The American College of Rheumatology says that other common sources of neck pain in general include conditions that involve your spine, such as a herniated disc or spinal stenosis. These may create bone spurs, but this type of complication isn’t as common in your neck. Neck bone spurs may also be seen in cases of cervical (neck) stenosis.

To diagnose a bone spur in the neck, a doctor will first perform a physical exam. They may ask you questions about any symptoms you have and test the range of motion of your neck. A bone spur on the neck may be confirmed via imaging tests, such as:

  • X-rays
  • computed tomography (CT) scans
  • magnetic resonance imaging (MRIs)

The tests can also help diagnose underlying causes, such as OA.

Your doctor may also recommend an electroconductive test to help detect nerve injuries in your spinal cord. Blood testing may also be ordered to rule out the possibility of other underlying diseases, such as rheumatoid arthritis.

Treatment for bone spurs depends on the severity of your symptoms and overall condition.

More mild cases may be treated with one or more of the following options:

  • rest
  • cold compresses to reduce pain
  • steroid shots to decrease inflammation and subsequent pain
  • over-the-counter (OTC) or prescription nonsteroidal anti-inflammatory drugs (NSAIDs) to be used on a temporary basis only
  • acetaminophen (Tylenol) for mild pain
  • physical therapy to increase range of motion (scheduled up to three times per week for 2 months)
  • massage therapy to help manage pain

In more severe cases where symptoms don’t respond to therapy and medication, a doctor may recommend cervical spine (neck) surgery.

The type of surgery for neck bone spurs will vary based on the underlying cause and location — some examples include:

  • spinal fusion to seal two or more vertebrae back together
  • anterior cervical discectomy to remove spurs and discs through the front of your neck
  • anterior cervical corpectomy to remove and replace vertebrae when bone spurs can’t be eliminated via discectomy
  • posterior cervical laminectomy to remove the lamina on the back of your neck and help get rid of bone spurs that may be pressing on spinal nerves

A doctor will go over all the benefits and risks of bone spur removal surgery with you. The American Association of Neurological Surgeons says that while uncommon, surgery carries the risk of nerve and spinal cord damage as well as increased pain.

Rest is important for neck pain. But a doctor may refer you to a physical therapist who can guide you through exercises to help:

  • decrease pain
  • improve range of motion in your neck
  • build strength and improve posture

Below are two suggested neck exercises from the North American Spine Society that you may wish to discuss with a doctor or therapist.

Neck retractions

While either in a seated or standing position, keep your head in a forward-facing position while gently pressing your fingers against your chin. You should feel a stretch along the back of your neck.

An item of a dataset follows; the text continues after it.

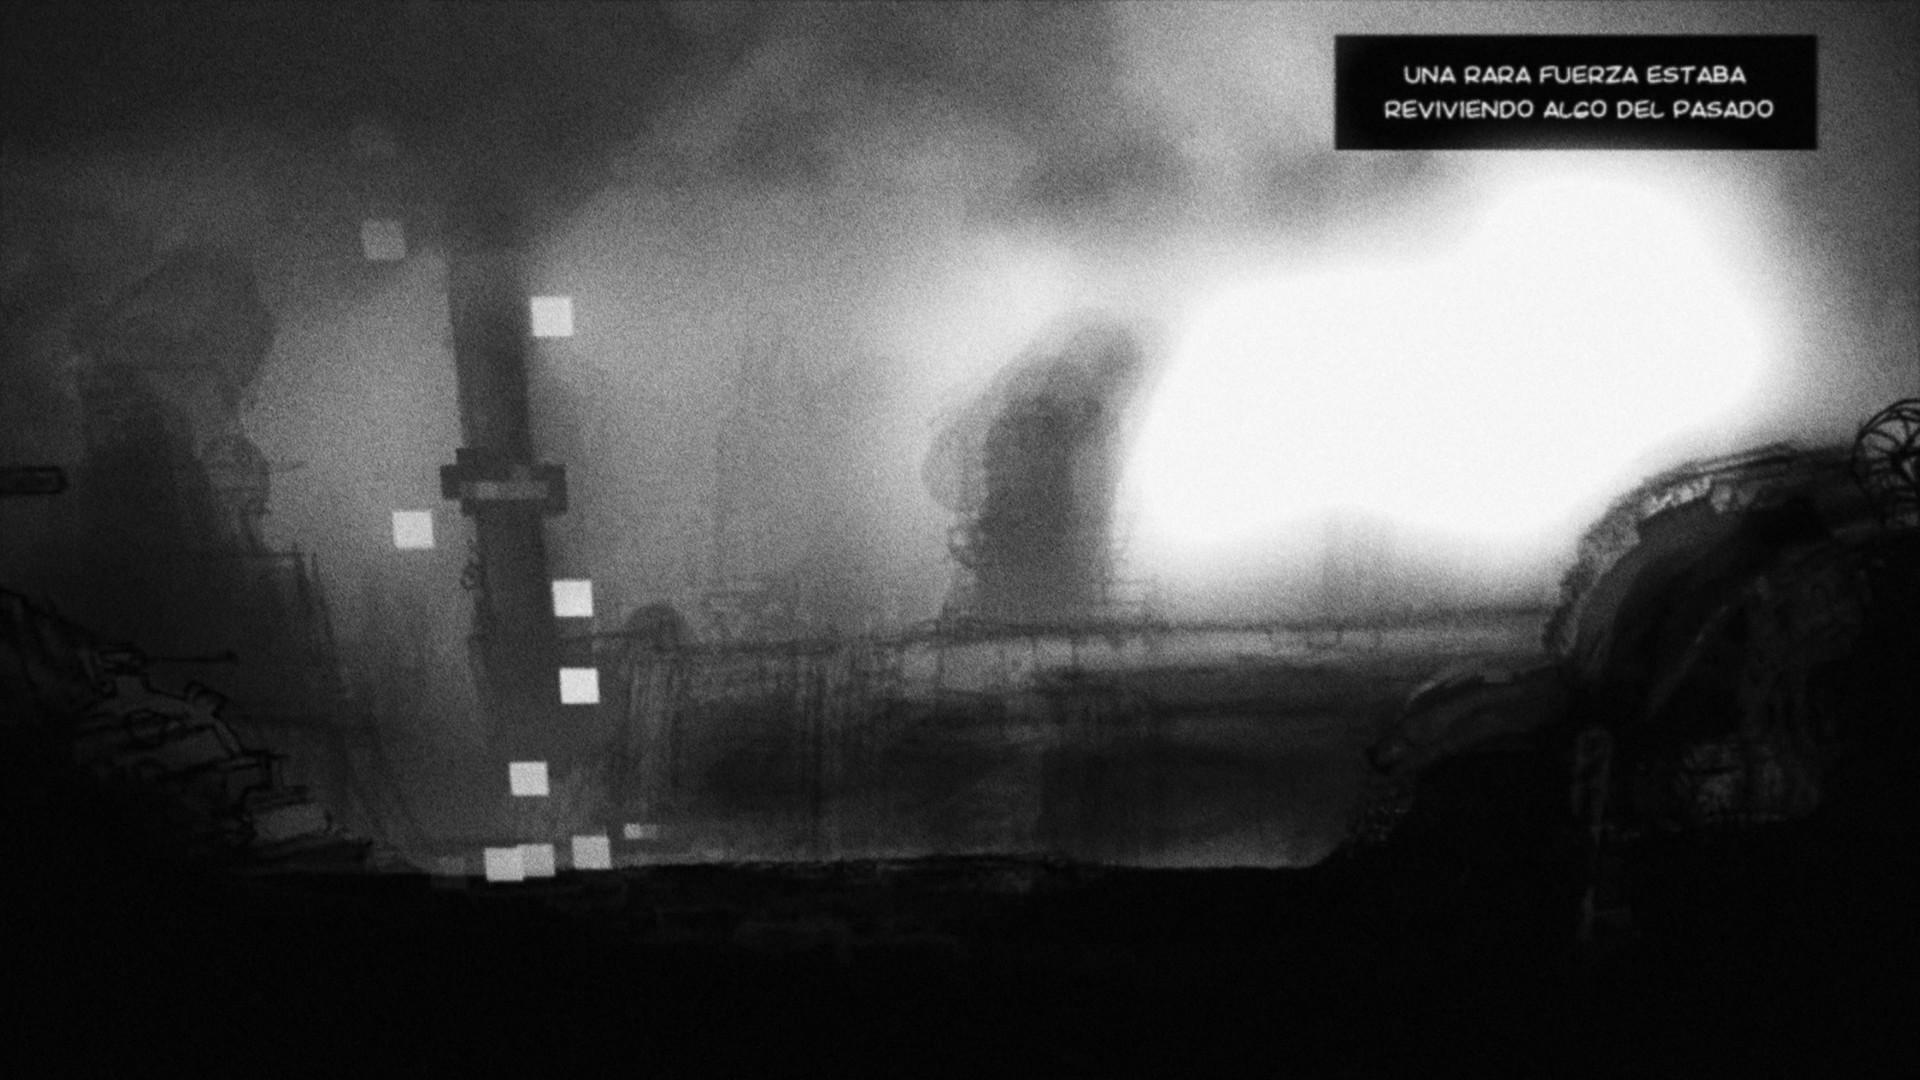 Dorian rodriguez animacion oldyssey ganador bronce proyecto multimedia 11 00 00 31 06 still009

Hold this position for up to 2 seconds at a time, up to 10 times in a row. The North American Spine Society says that you may repeat these retractions up to four times per day.

Correct posture

Your physical therapist will also help you learn how to maintain a correct posture to improve your symptoms. Try this throughout the day by keeping these tips in mind:

  • Align your ears directly above your shoulders.
  • Create space in the neck without shrugging your shoulders upward.
  • Roll your shoulders back.
  • Prevent your head and chin from falling forward.

Bone spurs in the neck aren’t painful by themselves. But these bone growths can press on nerves over time, causing pain, swelling, and reduced range of motion.

Talk with a doctor if you’re experiencing chronic neck pain so that you can obtain an accurate diagnosis and treatment plan. Bone spurs and other related conditions, such as OA, may be diagnosed with a physical exam and imaging tests.

You can help manage bone spurs with a combination of prescribed medications, rest, and neck exercises. Stay on top of your treatment plan and contact a doctor or physical therapist if your pain doesn’t improve.